The rhizomes/stems of a lotus plant, also known as Nadir (singular: nadur) in Kashmiri, are consumed in numerous Asian countries including China, Japan, and many parts of India. Grown in the shallower sections of lakes and ponds, Nadir are plucked between September and March every year. In Kashmir, they are mainly grown in the Dal, Wular and Anchar lakes.

Nadur has a unique earthy, fibrous flavour with a porous texture. It is considered to be a classic dish, often served deep-fried, stir-fried, etc. Strings of nadir placed on a west-facing window, resembling a high fashion necklace, is not an uncommon sight in a Kashmiri house during the summer months.
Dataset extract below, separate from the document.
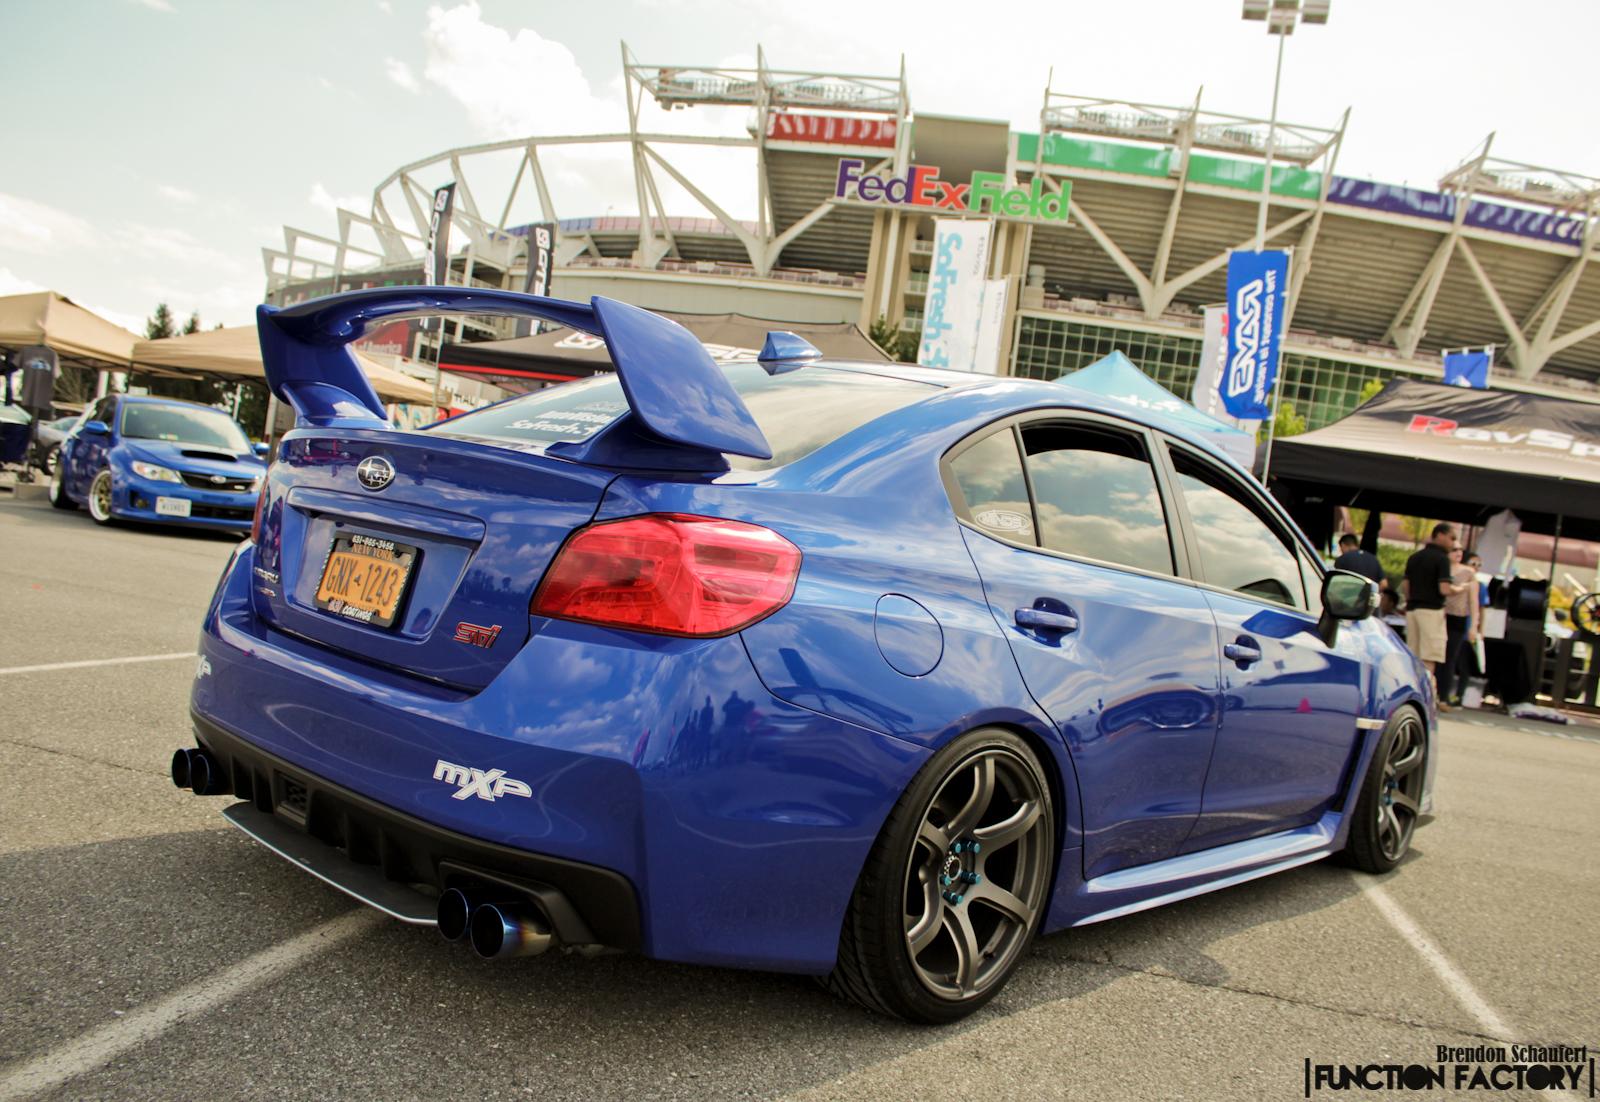 2015 Subaru STI   Trackday Thursday   Function Factory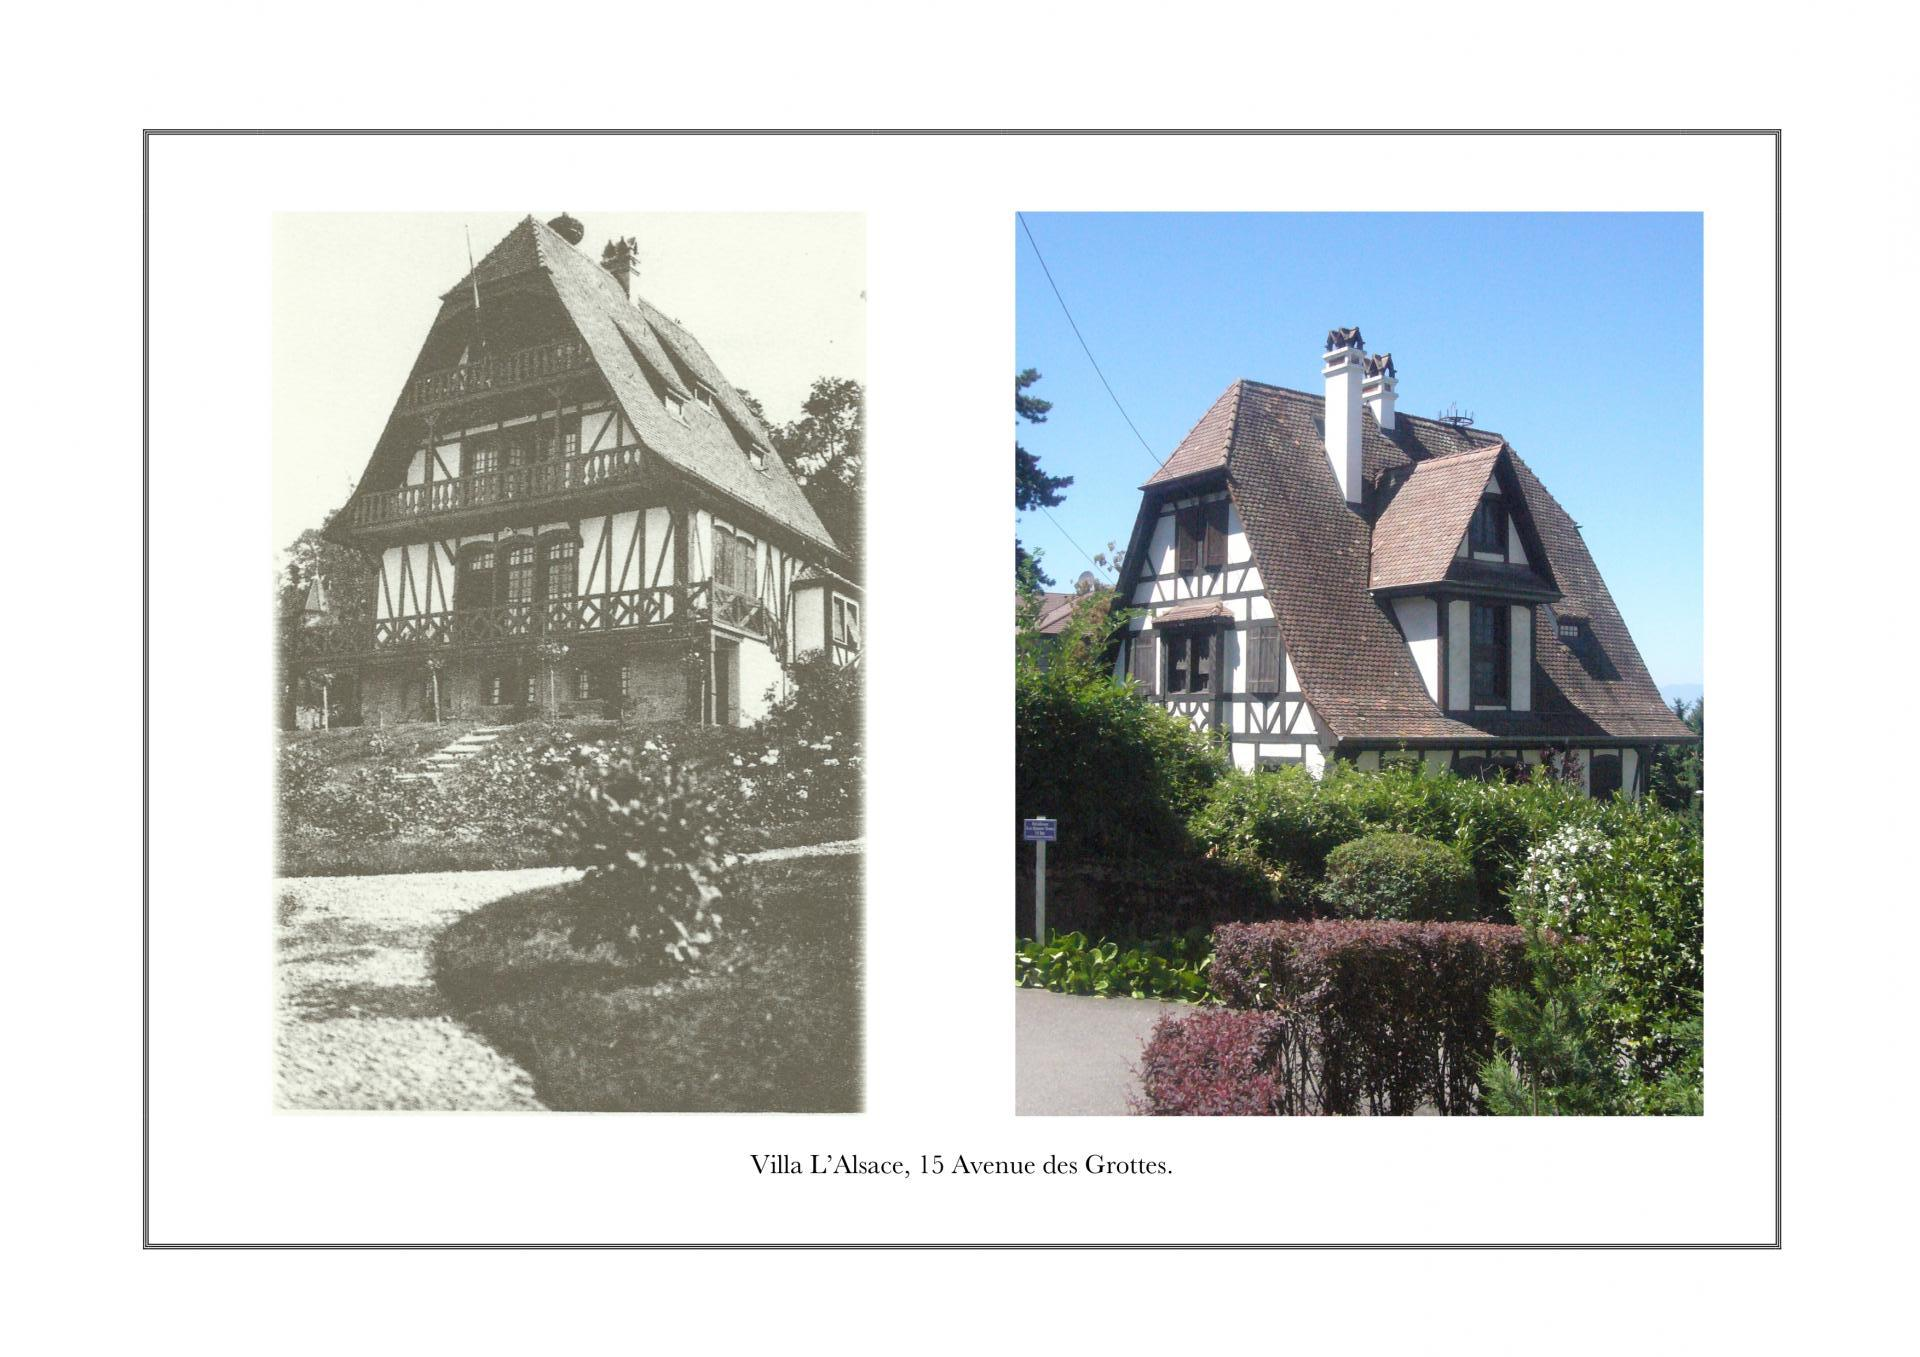 Villa L'Alsace, 15 avenue des Grottes

Prepared with a variety of things including spinach, turnip and kidney beans; Nadir are perhaps best prepared as Nader Yakhni, where the vegetable replaces lamb in this traditional yoghurt-and-cumin based dish. Apart from this, Nadir are also consumed as local snacks called Nadur Monji.

It is no secret that the floods of September 2014 adversely affected every aspect of life in Kashmir. Entire ecosystems were destroyed and nearly 80% of nadru plants disappeared in just one month. After the search for a single lotus plant through the end of the year turned out to be futile, the farmers decided to take matters into their own hands. They took seeds and saplings from Nigeen Lake and took on the burdensome task of regrowing the plant across the region. Finally in October 2017, nadru made a comeback to Kashmiri markets. Although lacking it’s previous colour and freshness, Nadir still comprise a major portion of the Kashmiri cuisine, blending in various dishes and snacks.